The following code example loads data from a CSV file in an Amazon S3 bucket into the `tutorial_vacuum` table with headers:

```sql theme={"theme":{"light":"github-light","dark":"github-dark"}}
COPY tutorial_vacuum
FROM 's3://firebolt-publishing-public/help_center_assets/firebolt_sample_dataset/levels.csv'
WITH HEADER=TRUE;

INSERT INTO tutorial_vacuum
SELECT a.* FROM tutorial_vacuum a, GENERATE_SERIES(1, 1000000); -- This may run a couple of minutes
```

Script above loads 10 rows from S3 csv file; after that it inserts into the same table the cross product of the 10 inserted rows with 1 million integers.
Next, the following code example deletes all rows from the `tutorial_vacuum` table where the `LevelID` value is greater than 1, resulting in about 900,000 deleted rows:

```sql theme={"theme":{"light":"github-light","dark":"github-dark"}}
DELETE FROM tutorial_vacuum WHERE "LevelID" > 1;
```

The following code example runs a query computing checksum of the entire `tutorial_vacuum` table before and after performing `VACUUM`, allowing a comparison of query performance and efficiency improvements after optimization.

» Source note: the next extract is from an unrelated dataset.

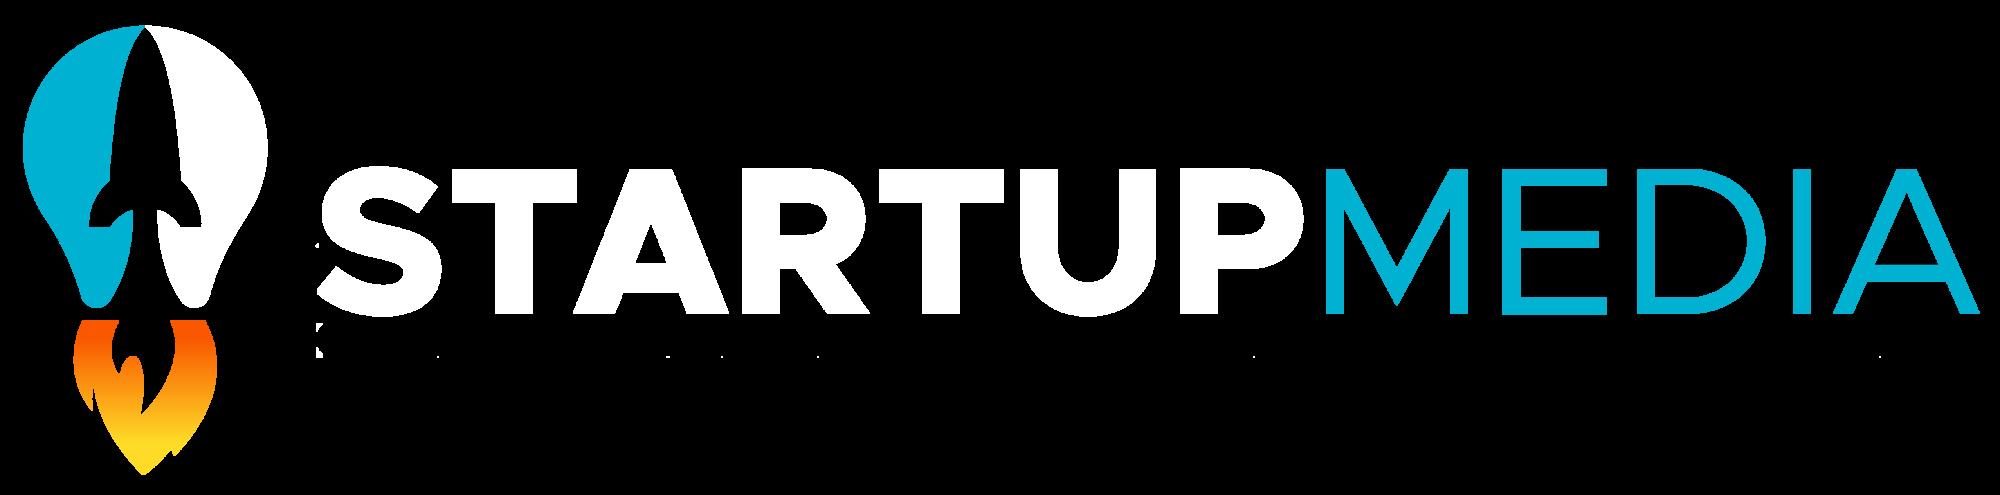 StartupMedia transparent, white, uden logo

```sql theme={"theme":{"light":"github-light","dark":"github-dark"}}
SELECT hash_agg(*) FROM tutorial_vacuum;
VACUUM tutorial_vacuum;
SELECT hash_agg(*) FROM tutorial_vacuum;
```

In the previous code example, the first `SELECT` is run on data with many deleted rows, while the second runs after `VACUUM`, benefiting from it. The following query history shows the performance benefit of the `VACUUM` operation:

| NO | STATEMENT                                  | STATUS  | DURATION |
| :- | :----------------------------------------- | :------ | :------- |
| 1  | `SELECT hash_agg(*) FROM tutorial_vacuum;` | Success | 4.43 s   |
| 2  | `VACUUM tutorial_vacuum;`                  | Success | 17.53 s  |
| 3  | `SELECT hash_agg(*) FROM tutorial_vacuum;` | Success | 0.82 s   |

Note that the initial `SELECT` query ran for over 4 seconds, while the identical `SELECT` query ran for under a second, after running `VACUUM`.